*** Opening of Data for this task ***

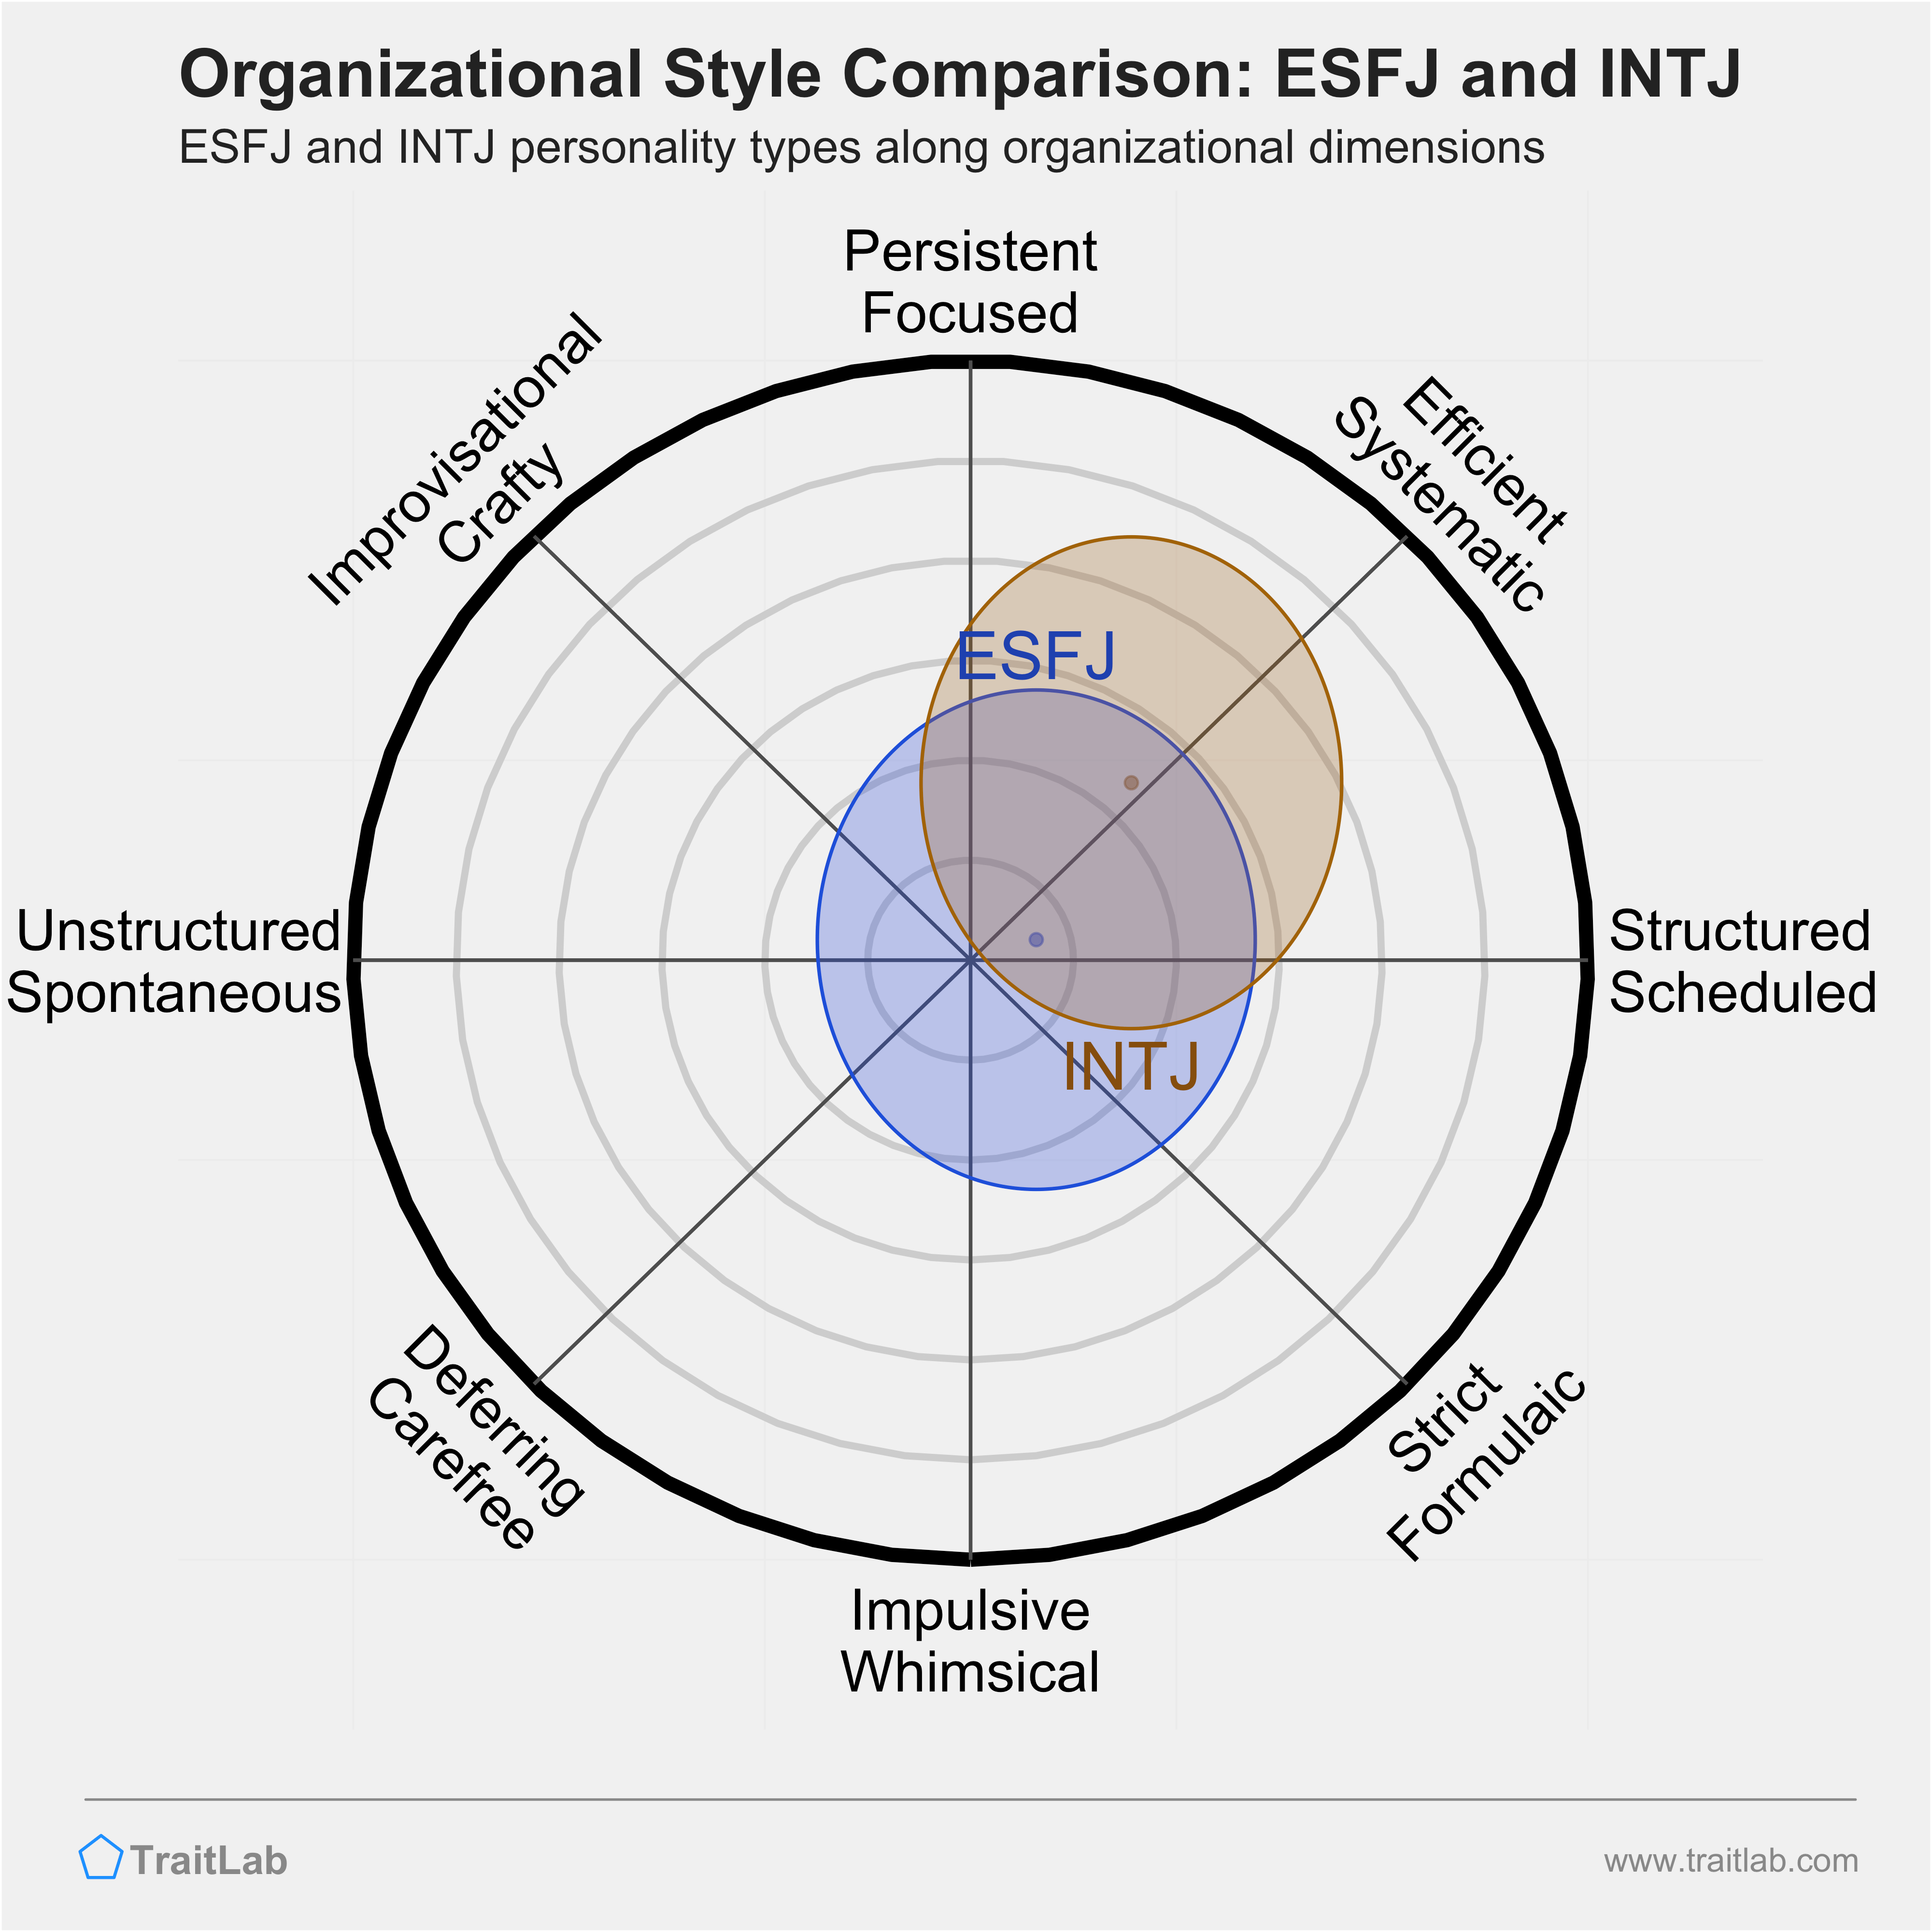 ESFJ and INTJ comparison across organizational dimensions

*** Close of Data for this task ***
*** Opening of Data for this task ***

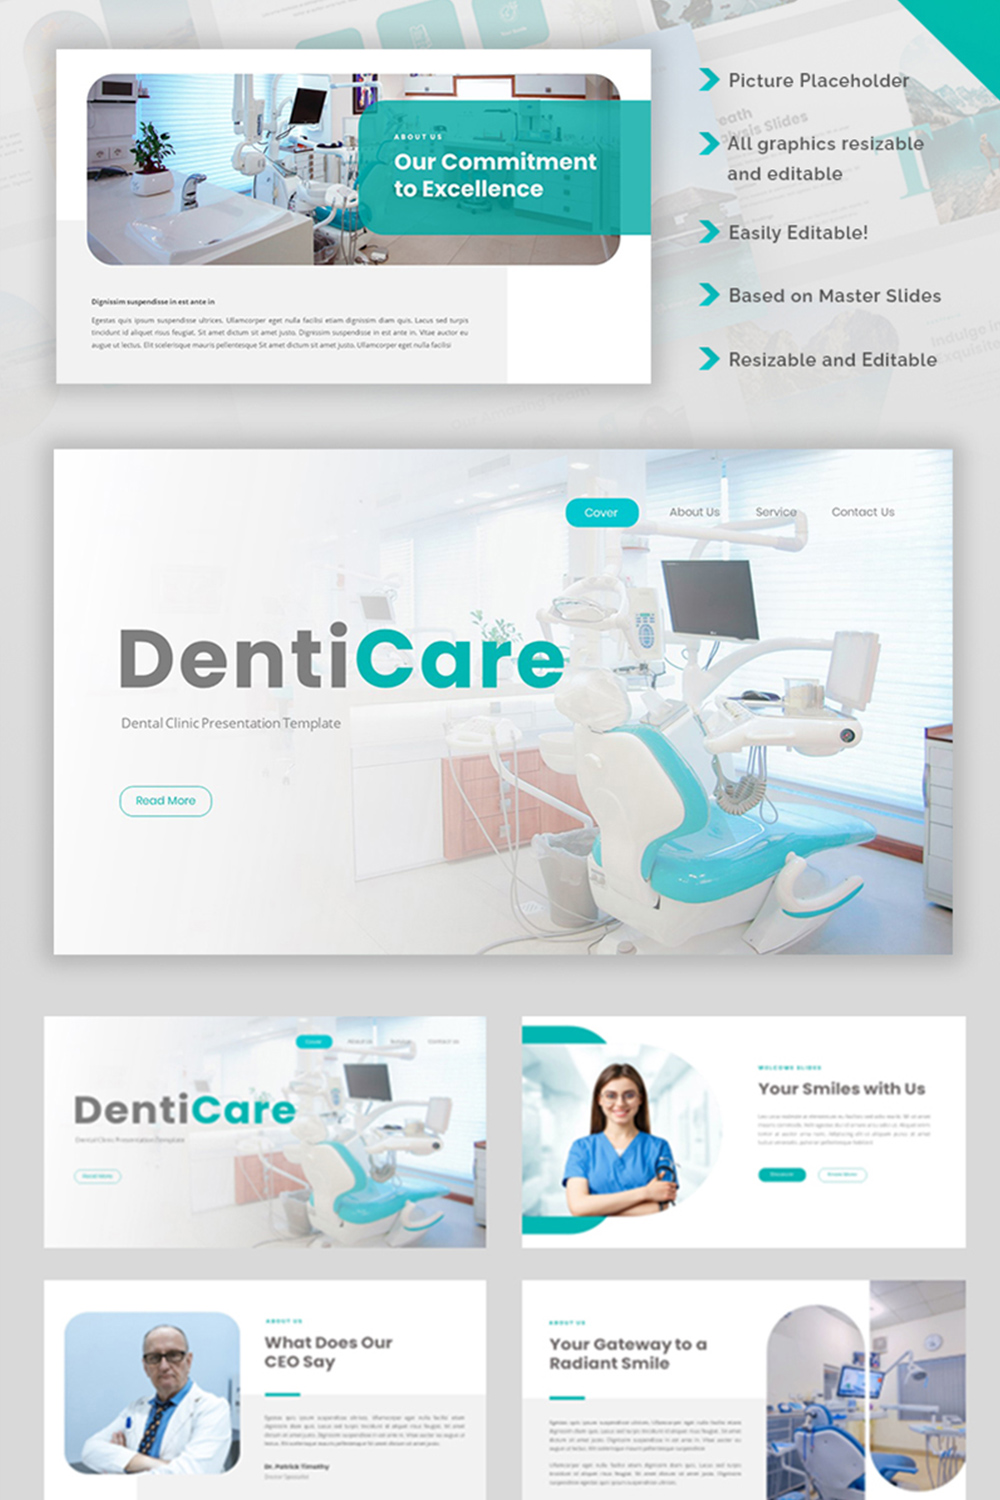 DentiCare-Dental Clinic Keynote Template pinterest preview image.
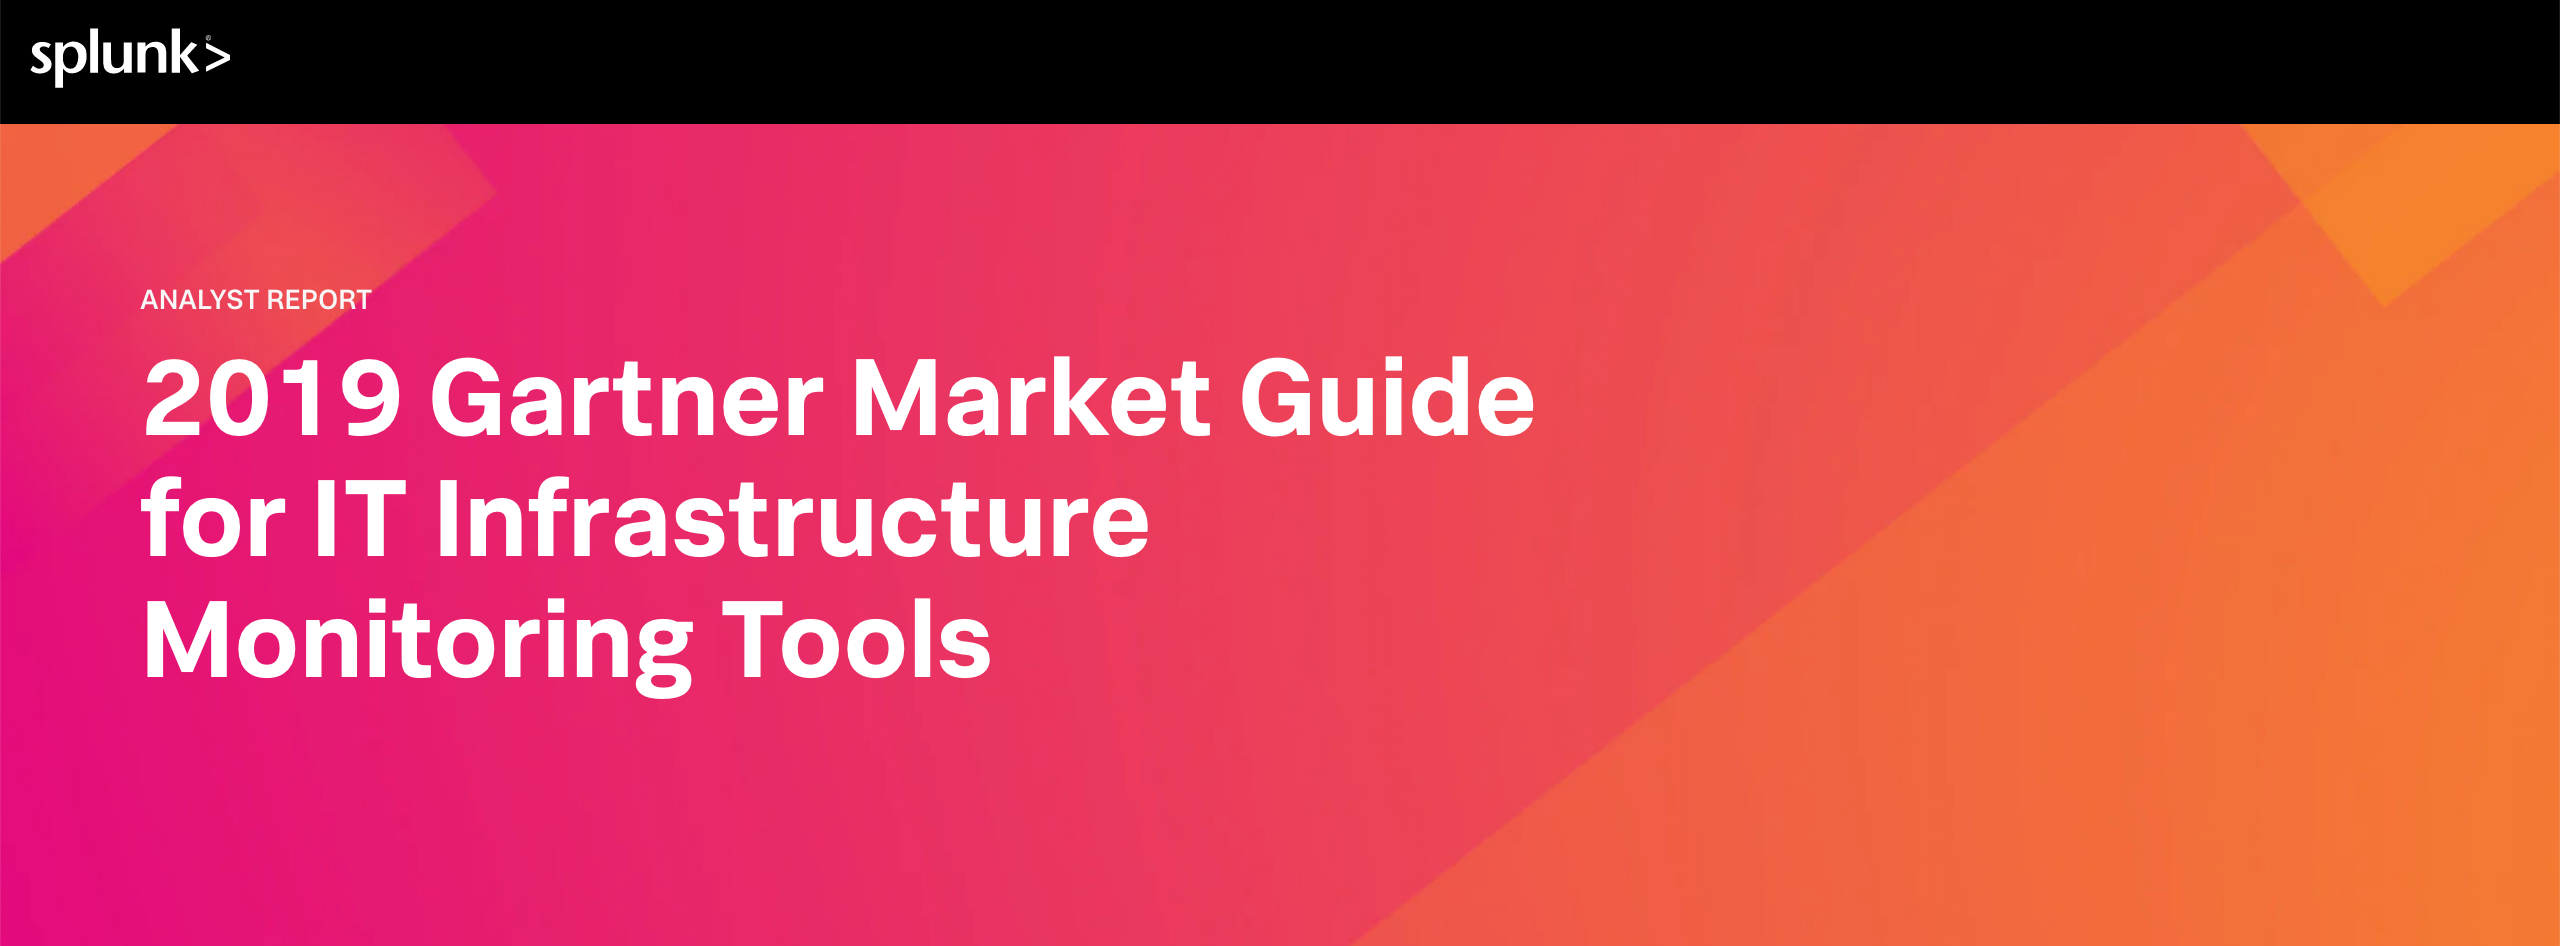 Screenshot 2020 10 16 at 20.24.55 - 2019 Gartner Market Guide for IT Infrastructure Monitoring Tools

*** Close of Data for this task ***
*** Opening of Data for this task ***

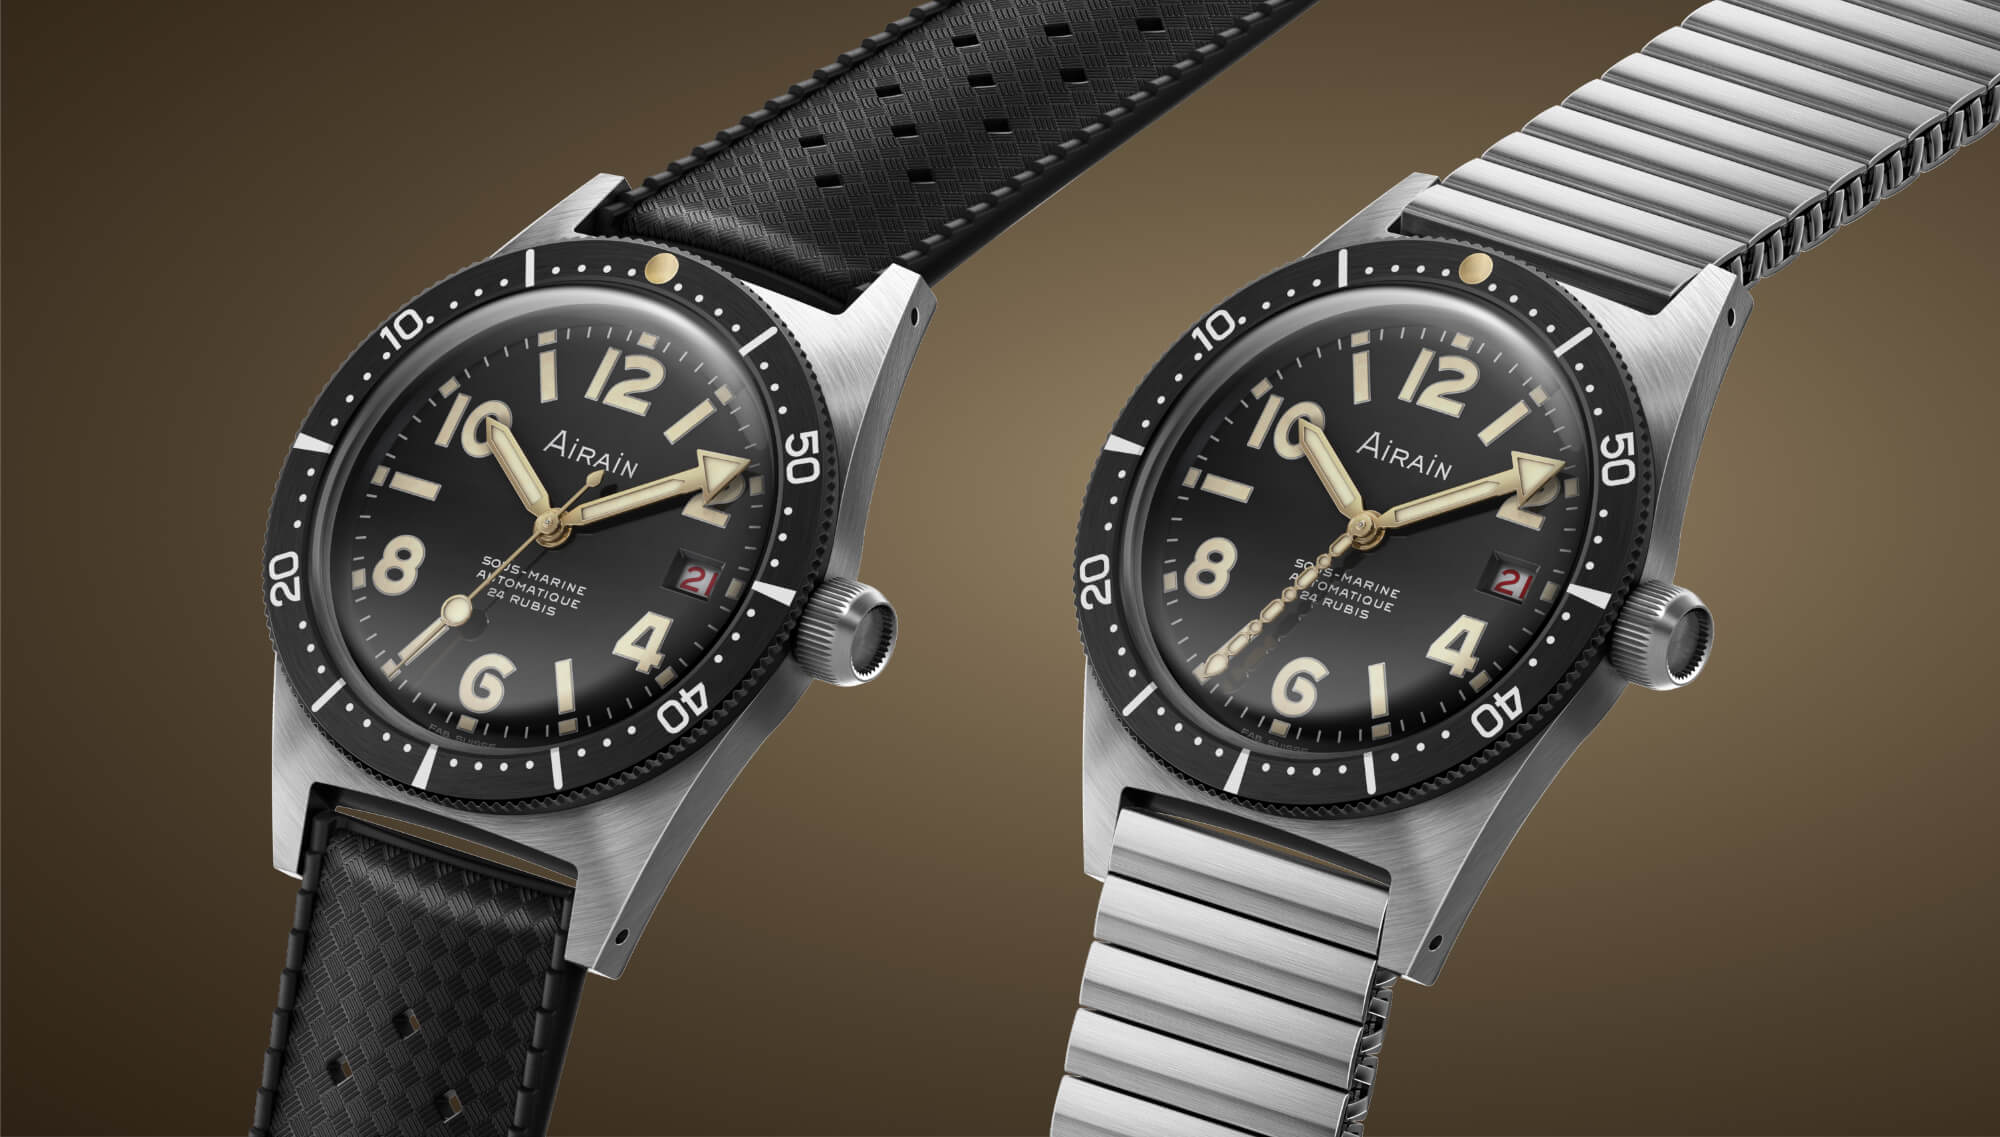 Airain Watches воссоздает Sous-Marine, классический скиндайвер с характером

*** Close of Data for this task ***

▶ _Assignment_
Nothing but the lines from the one containing "DentiCare-Dental Clinic Keynote" through the one containing "Screenshot 2020 10" should appear, copied exactly from the material above and without pictures.

▶ _Exercise answer_
 DentiCare-Dental Clinic Keynote Template pinterest preview image.
 Screenshot 2020 10 16 at 20.24.55 - 2019 Gartner Market Guide for IT Infrastructure Monitoring Tools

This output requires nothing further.